Friday, October 23, 2009

Tomorrow I will slosh through the rain to the Bangor Public Library to take part in a poetry-reading event for 350.org's International Day of Climate Action. While I don't quite see how driving an hour to Bangor and reading 6 pages from a book will help stop global warming, the reading itself stuffs 13 poets, a chemist, a jazz combo, and snacks into a scant 3 hours and consequently will certainly be a bash. 

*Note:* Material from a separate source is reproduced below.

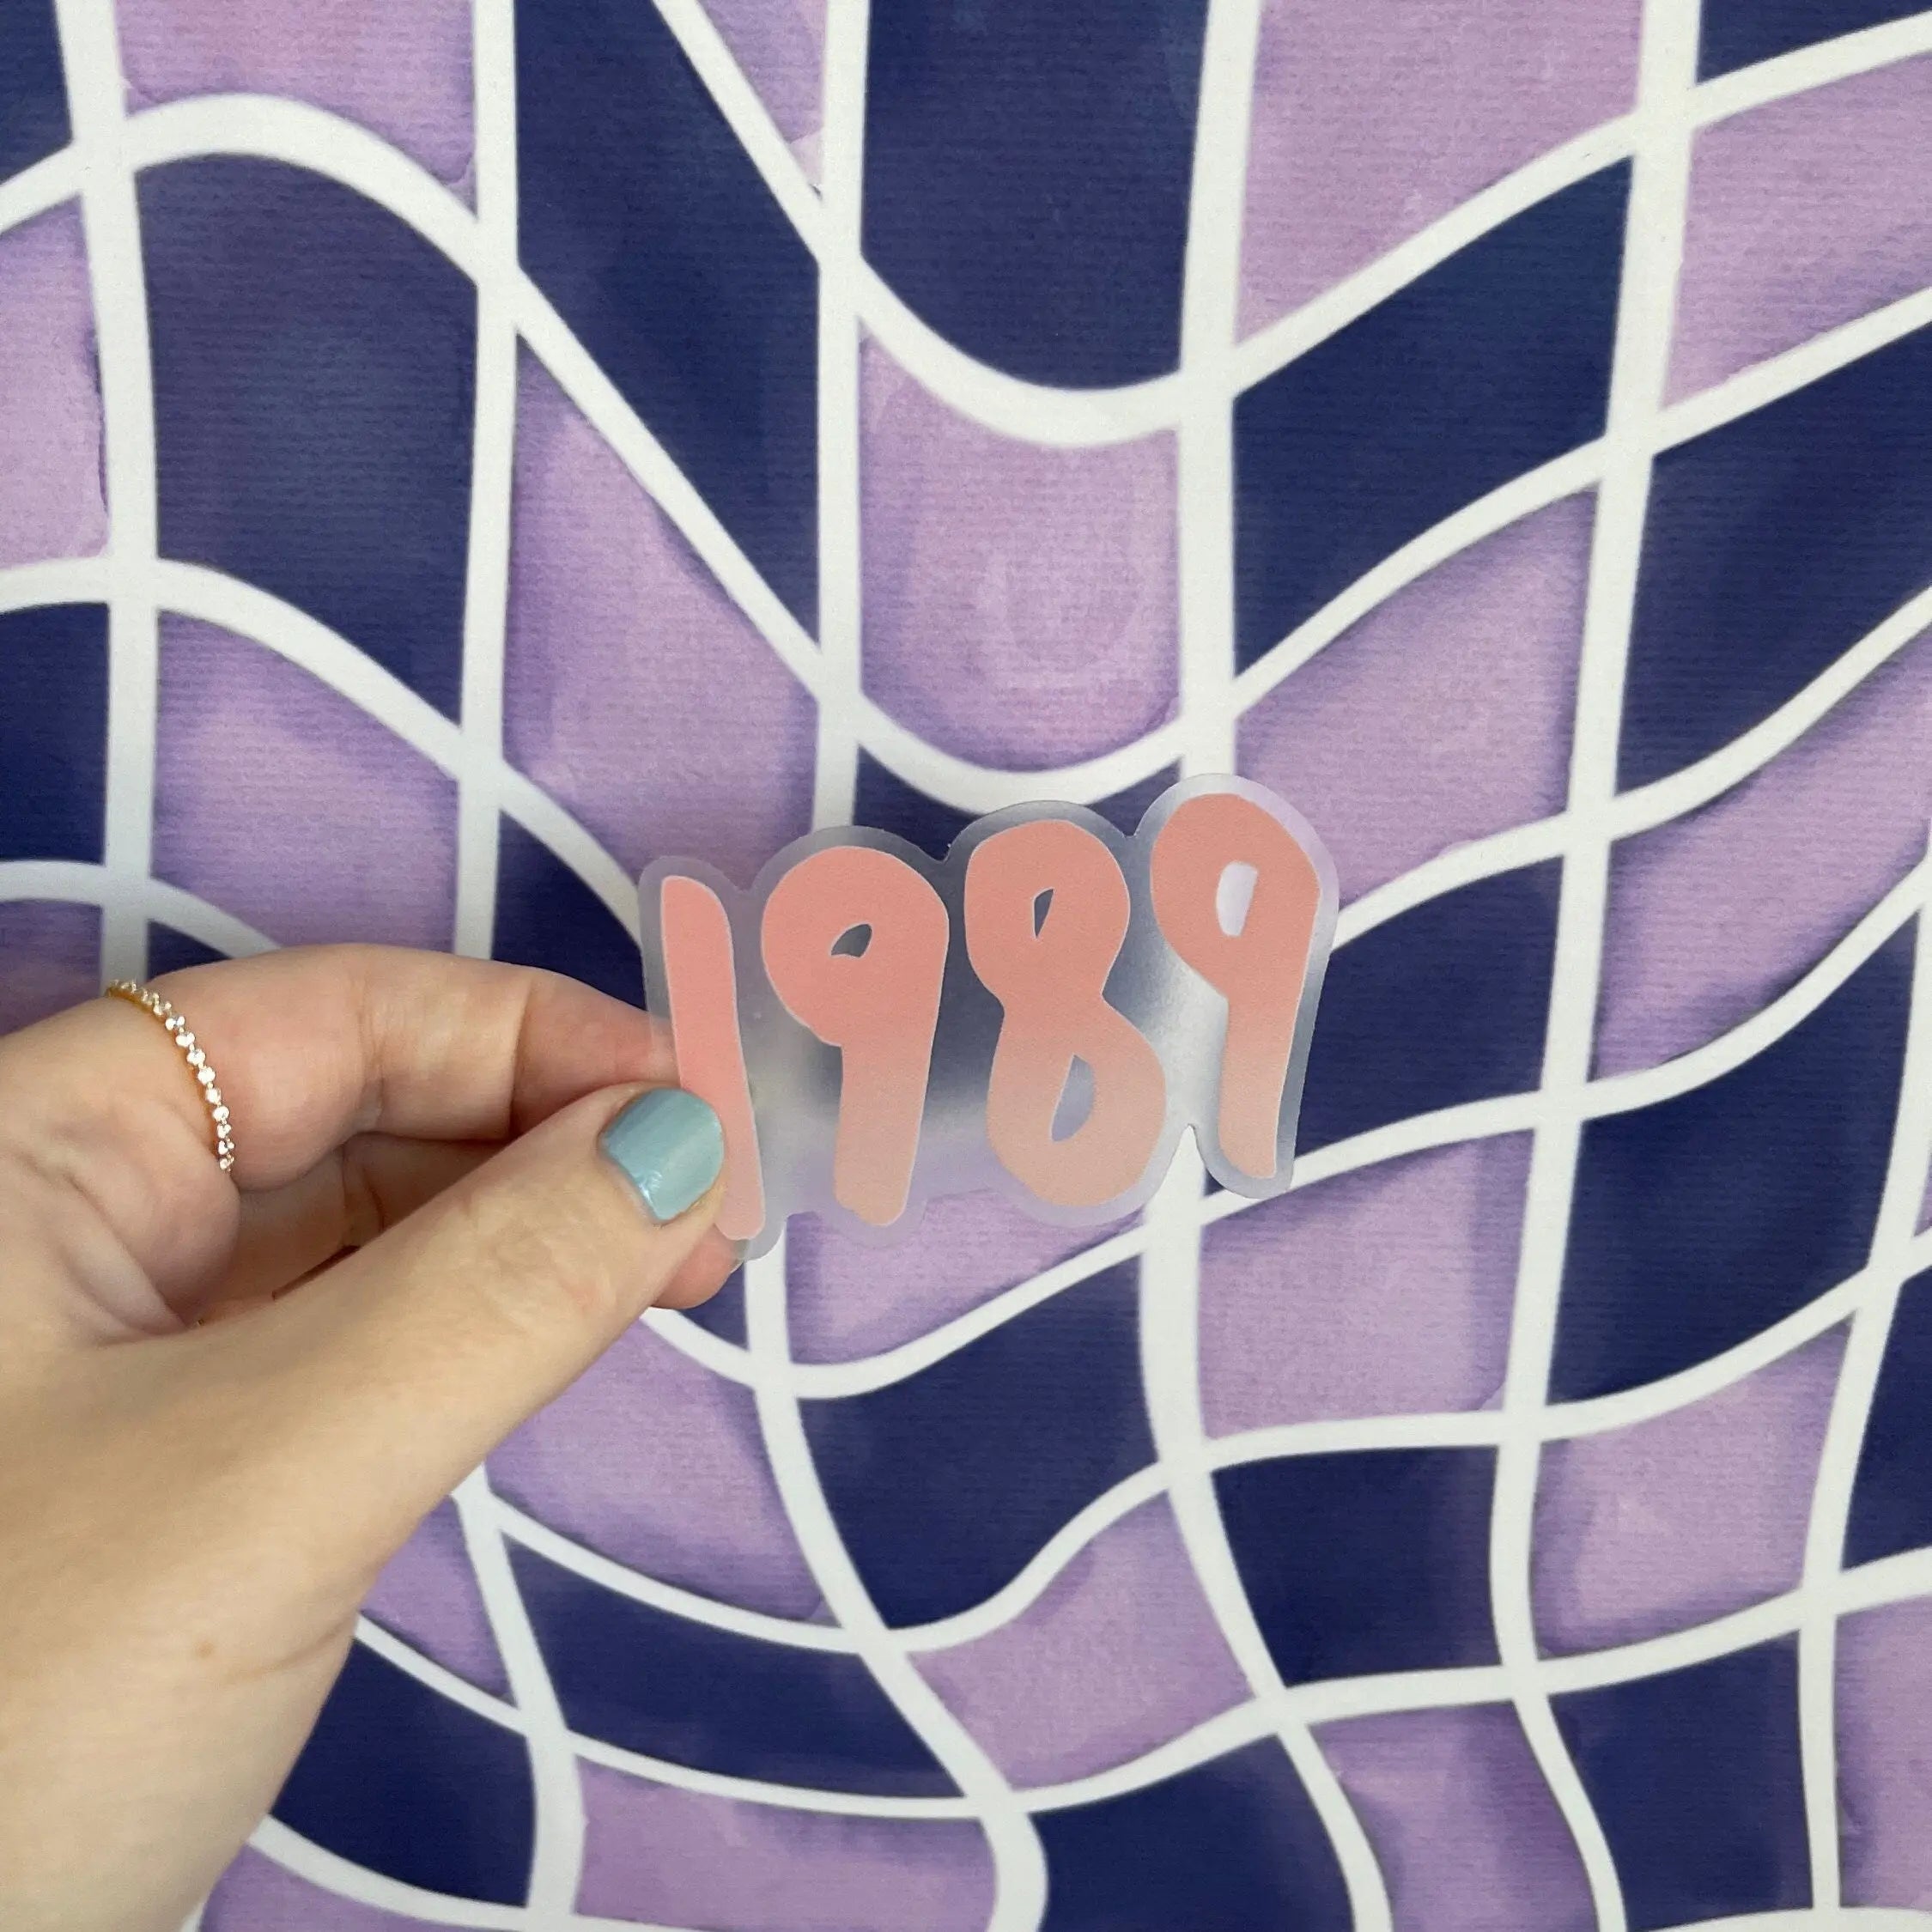 CLEAR 1989 sticker - pink MangoIllustrated

I'm planning to read from chapter 7 of Tracing Paradise, the one titled "Clear-Cuts." I hope it goes over okay with this crowd because, while it certainly does deal with environmental degradation, it also avers that humans (or least this human) are not only complicit but likely to remain so. As I was rereading the chapter this morning, I was glad, once again, that I'd quoted Thomas Hardy's dry comment: "it is only the old story that progress and picturesqueness do not harmonise."

The old story indeed.

Dinner tonight: pot au feu, I'm thrilled to say. And maybe apple pie.

2 comments:

charlotte gordon said...

You really are a funny writer. That is quite a collection of readers. Chapter 7 is perfect. I had my students read your paragraph on Harmony as an example of how to write about place.

As for your comment to me, that is precisely the problem isn't it. The one we have been talking about. I may well Hate her, or worse, find her tedious and conventional and not at all noteworthy. But maybe not.

Dawn Potter said...

I hope you find your new mystery writer wonderful. Maybe she'll be like my Milly Jourdain find. And for anyone who wonders what we're talking about, read Charlotte's blog. She's working on a book about Mary Wollstonecraft and Mary Shelley and is unearthing forgotten players.